An example of spatial grid data
Load the spEDM
package and its farmland NPP data:
library(spEDM)
npp = terra::rast(system.file("case/npp.tif", package = "spEDM"))
npp
## class : SpatRaster
## dimensions : 404, 483, 4 (nrow, ncol, nlyr)
## resolution : 10000, 10000 (x, y)
## extent : -2625763, 2204237, 1877078, 5917078 (xmin, xmax, ymin, ymax)

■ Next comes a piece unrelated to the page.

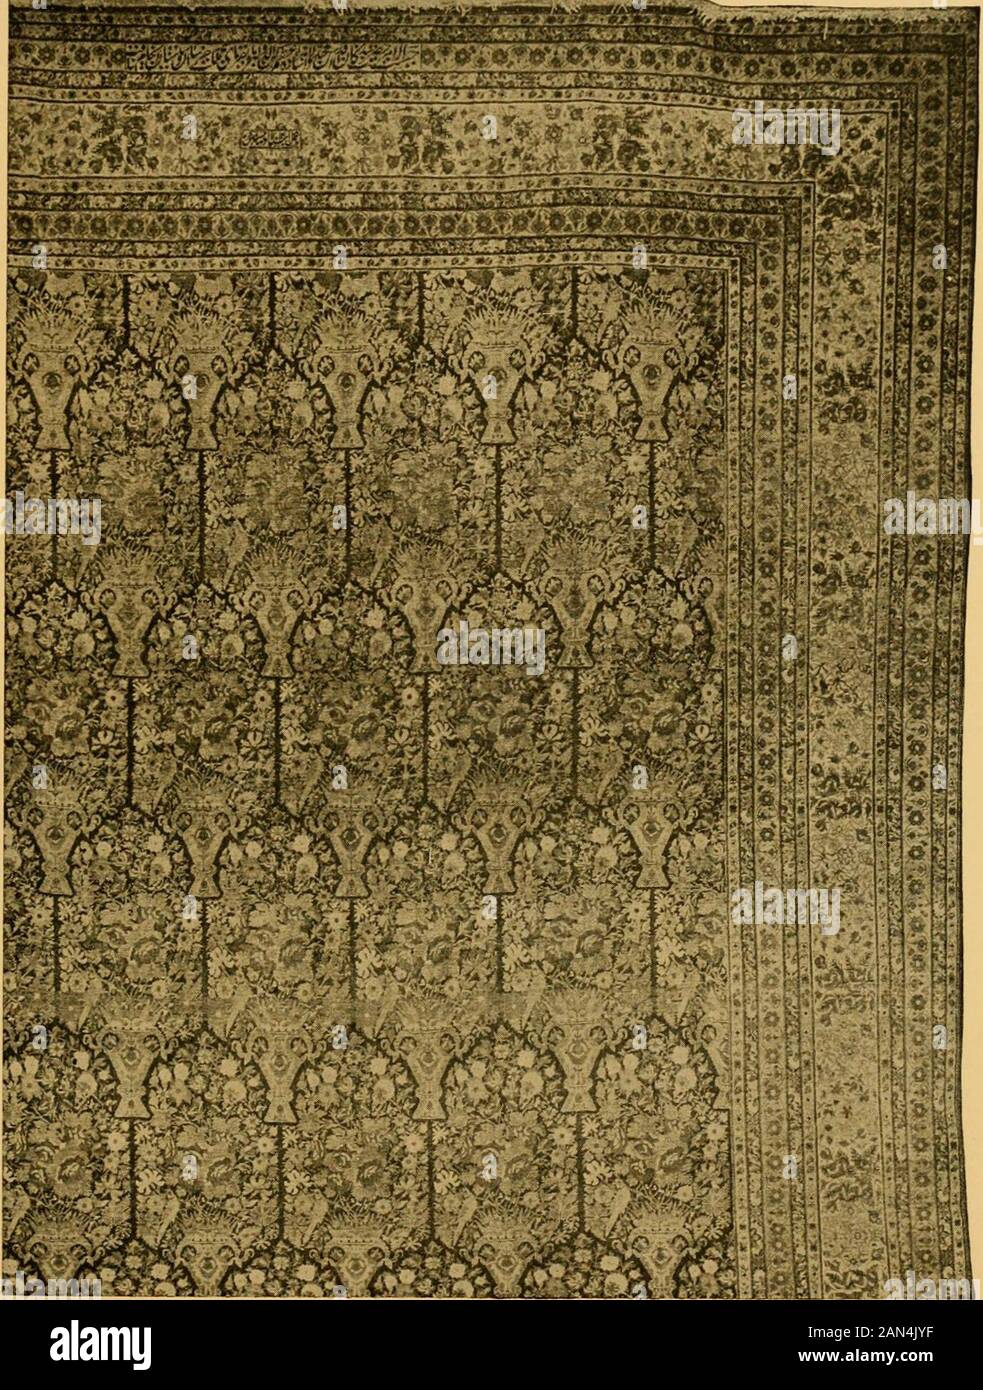 Elenco speciale di tappeti persiani : in moquette dimensioni oltre 10 piedi  di lunghezza. . ordinare oro. N. 6671. 17 6 x 6 8 Kurdistan antico. Terra  blu scuro; piccolo all-over Herati
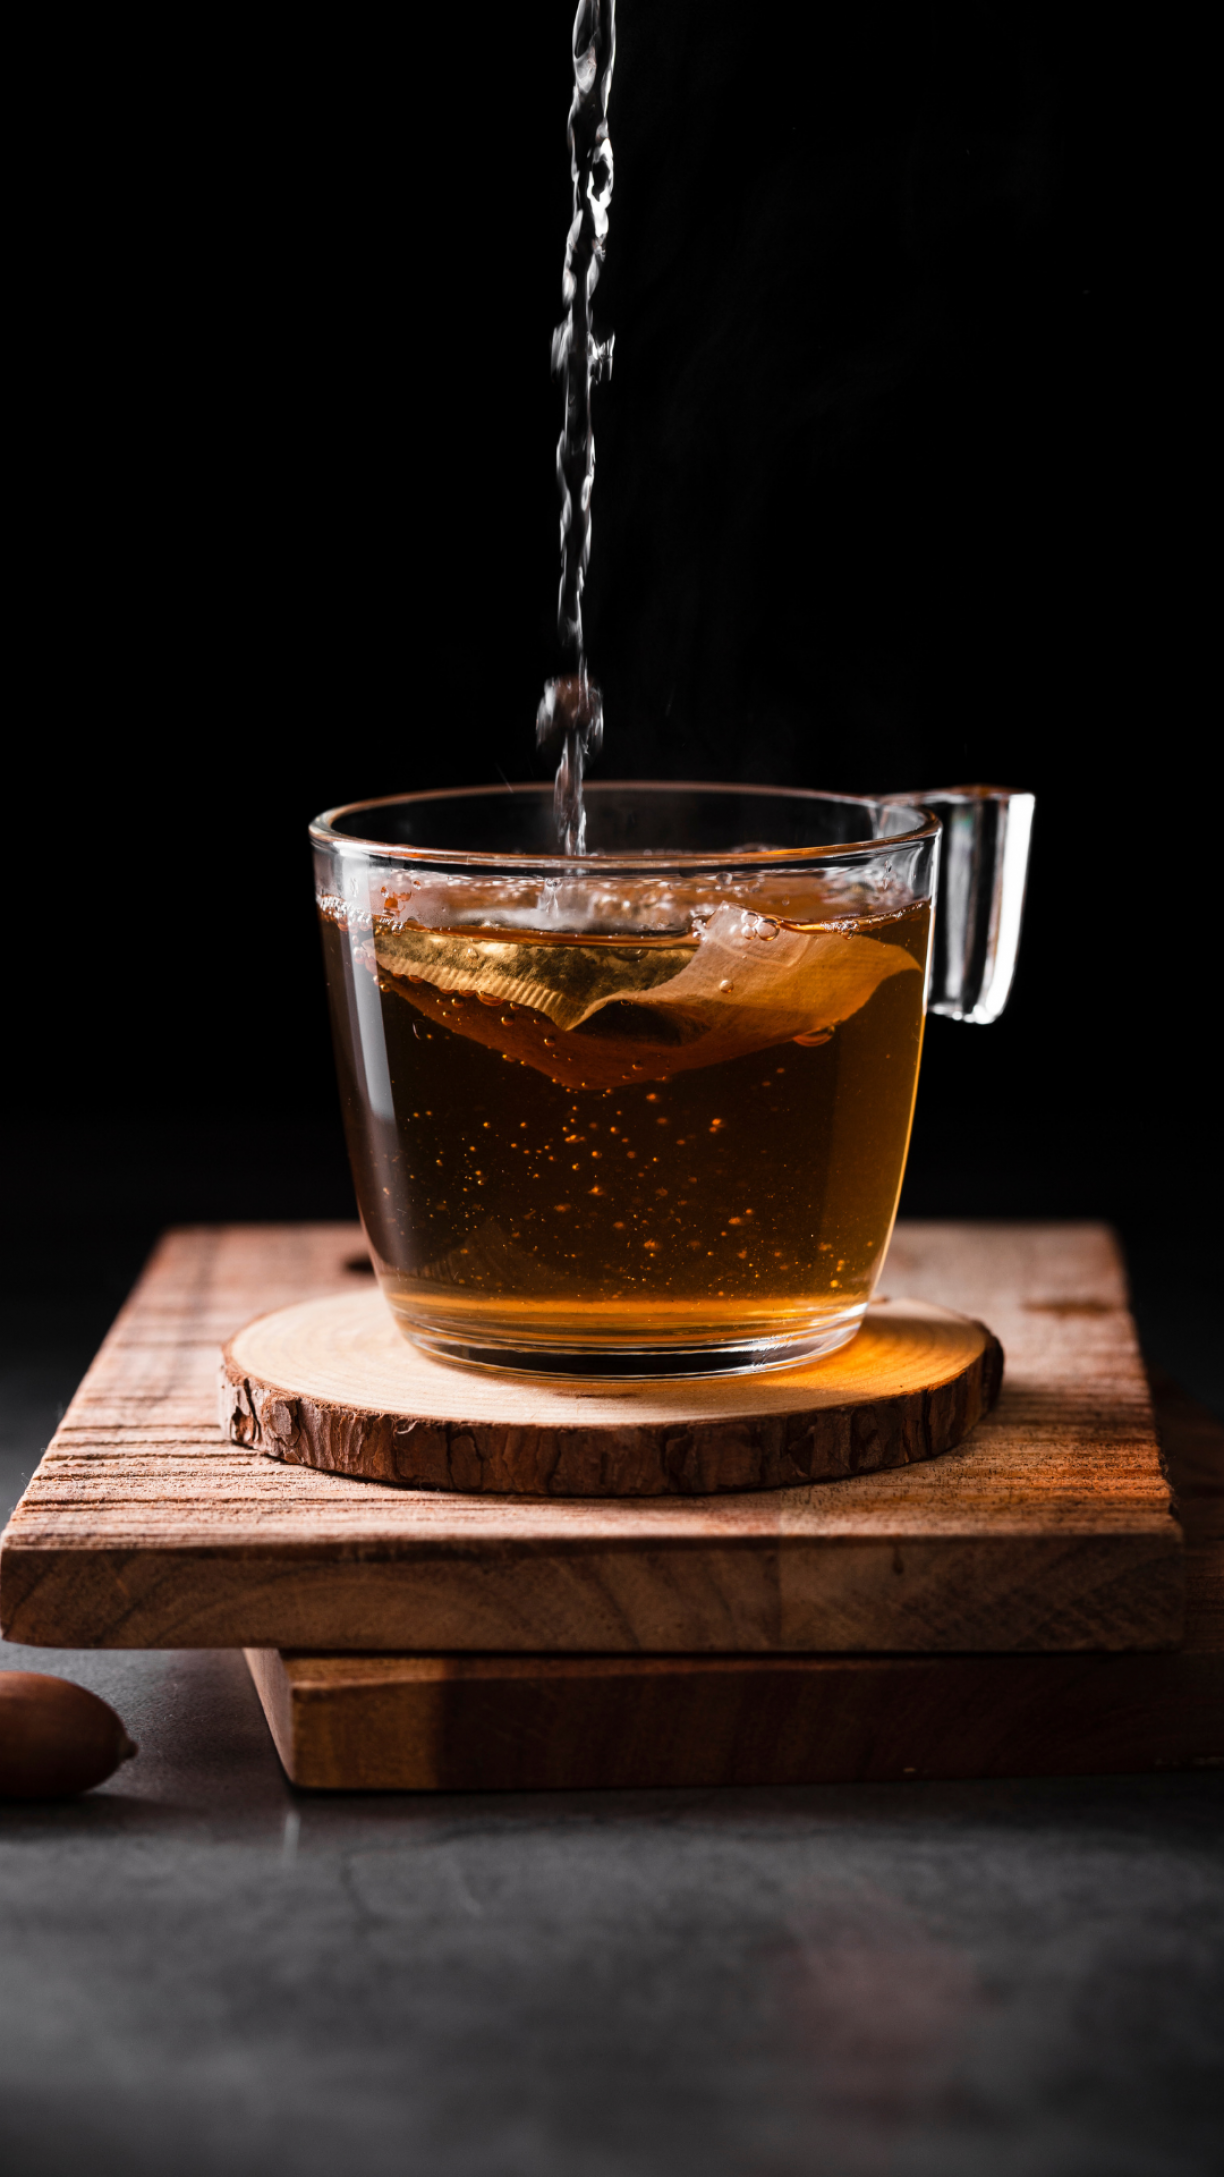 Cardo-mariano: o que é, para que serve e como fazer o chá - Tua Saúde

## coord. ref. : CGCS2000_Albers
## source : npp.tif
## names : npp, pre, tem, elev
## min values : 164.00, 384.3409, -47.8194, -122.2004
## max values : 16606.33, 23878.3555, 263.6938, 5350.4902
# To save the computation time, we will aggregate the data by 3 times
npp = terra::aggregate(npp, fact = 3, na.rm = TRUE)
npp
## class : SpatRaster
## dimensions : 135, 161, 4 (nrow, ncol, nlyr)
## resolution : 30000, 30000 (x, y)
## extent : -2625763, 2204237, 1867078, 5917078 (xmin, xmax, ymin, ymax)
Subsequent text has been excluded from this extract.